The current version of webkitgtk explicitly sends

    Allow-Encoding: identity

which tells the server that it doesn't support gzip. (HTTP actually assumes that if you don't say otherwise, then that means you support gzip, deflate, and compress encoding.) So this should work with the latest webkit.
Comment 9 Dan Winship 2009-07-07 12:50:26 UTC
*** Bug 587912 has been marked as a duplicate of this bug. ***
Comment 10 Christophe Gillette 2009-07-23 22:55:43 UTC
Hi,
Any update on this feature? 
While it is working with the current webkit (comment #8), lots of development is currently done on small devices which have bandwidth constraints, and where supporting deflate would help.
Thanks,
Comment 11 Dan Winship 2009-07-24 02:37:36 UTC
Well, there are a handful of sites (notably archive.org) that use "Content-Encoding: gzip" even when webkit sends "Accept-Encoding: identity". Hrmph.

Anyway, no real update. No one has been working on it, and it is *highly* unlikely it will be finished for 2.28 at this point.

Note that the addition of SoupContentSniffer now adds another wrinkle; content-decoding needs to happen before sniffing, or else the sniffer will always just return "application/gzip".

This gets back into the idea that the soup-io-filter in the content-coding branch was moving towards; we could have a series of filters on the input data, so you'd get something like:

   soup_socket_read -> Transfer-Encoding filter -> Content-Encoding filter -> SoupContentSniffer -> got-chunk

where the two encoding filters would actual output different data than they input, but the sniffing "filter" would just be buffering up data until it got enough to sniff, and then it would spit it all out at once, and then after that behave as just an identity filter.
Comment 12 Bastien Nocera 2009-08-10 11:03:51 UTC
FYI, it makes pages like this one unviewable:
http://www.spinics.net/lists/hotplug/msg02404.html
Comment 13 Reinout van Schouwen 2009-10-13 15:44:47 UTC
*** Bug 598285 has been marked as a duplicate of this bug. ***
Comment 14 Dan Winship 2009-10-27 17:51:18 UTC
Pushed my current work to the "coding" branch on git.gnome.org. The "deflate" decoding is slightly broken (it works for some sites but not others), so it's disabled at the moment. (We send "Allow-Encoding: gzip".)
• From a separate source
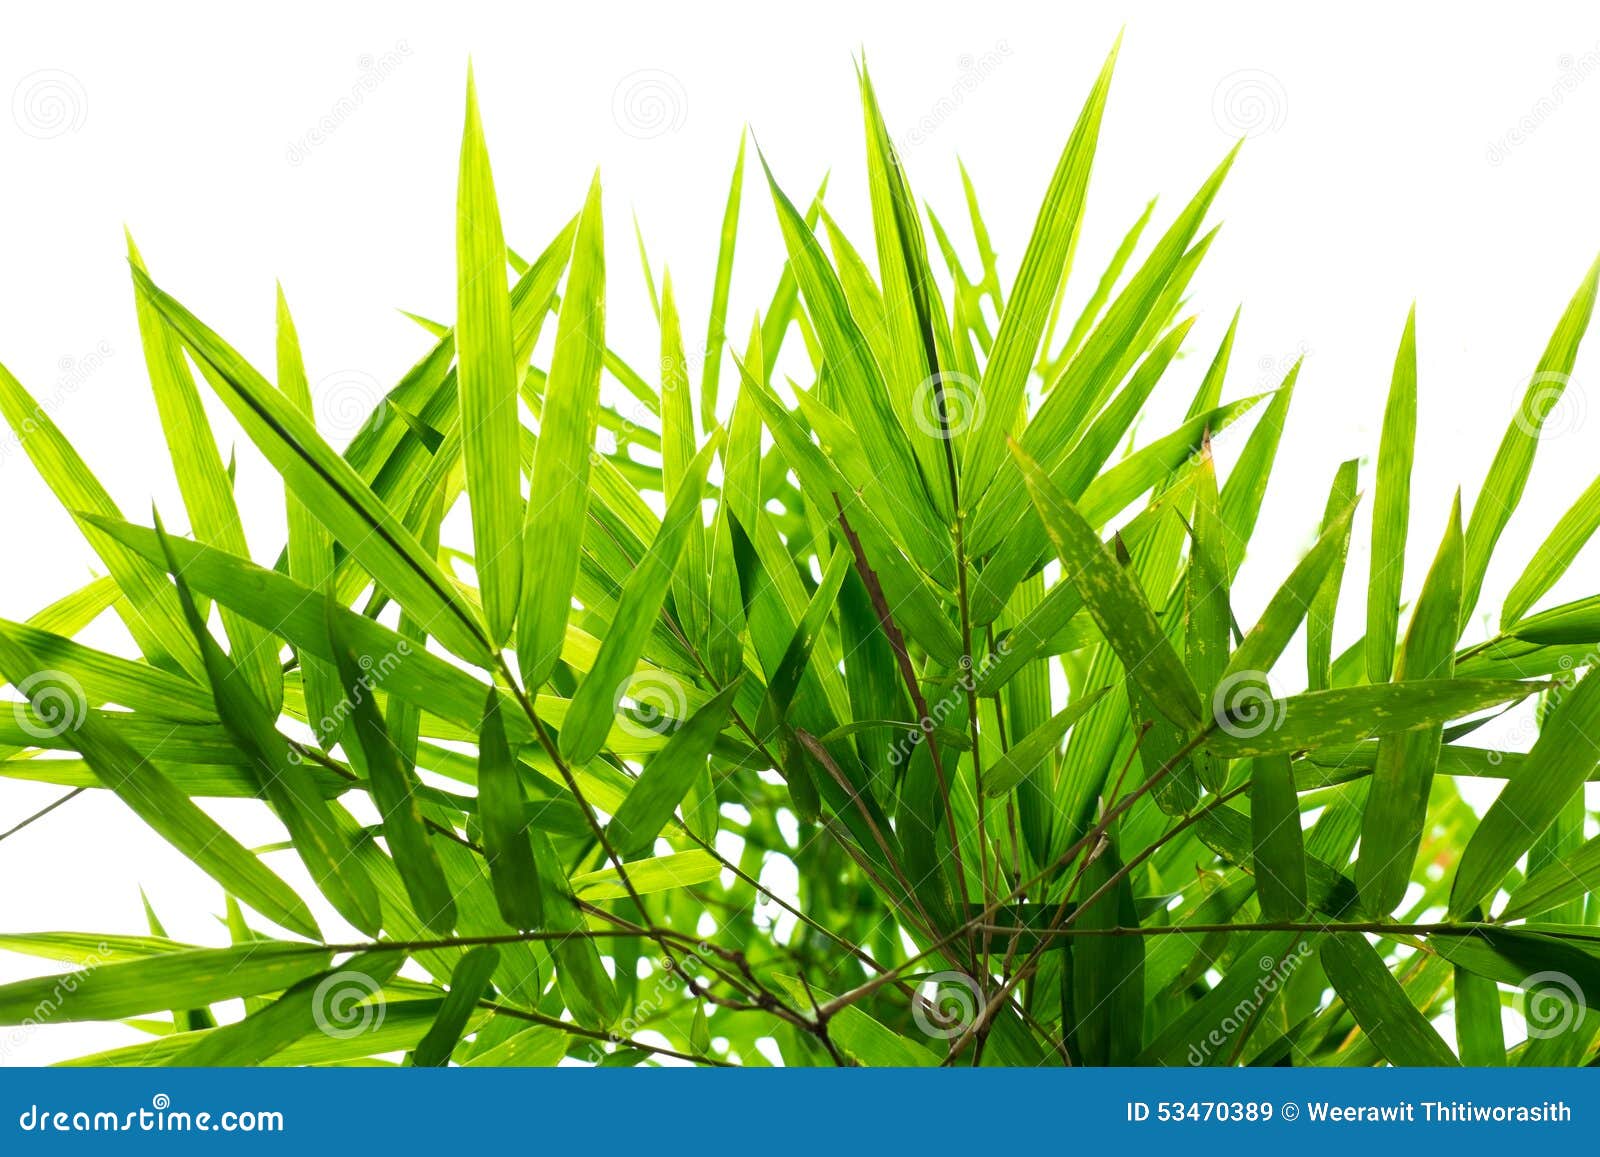 Bamboo leaf background stock image. Image of decor, design - 53470389

Once I fix deflate I'll push to master. This should be in libsoup 2.28.2.
Comment 15 Dan Winship 2009-10-27 17:51:46 UTC
Created attachment 146361 [details] [review]
webkit patch to use SoupContentDecoder
Comment 16 Reinout van Schouwen 2009-11-29 21:08:51 UTC
*** Bug 603269 has been marked as a duplicate of this bug. ***
Comment 17 Gustavo Noronha (kov) 2009-12-02 19:40:45 UTC
*** Bug 603616 has been marked as a duplicate of this bug. ***
Comment 18 Dan Winship 2009-12-16 13:49:30 UTC
pushed to git with support for "gzip" only, and will end up in 2.28.2
Comment 19 Gustavo Noronha (kov) 2010-02-23 12:27:23 UTC
*** Bug 610684 has been marked as a duplicate of this bug. ***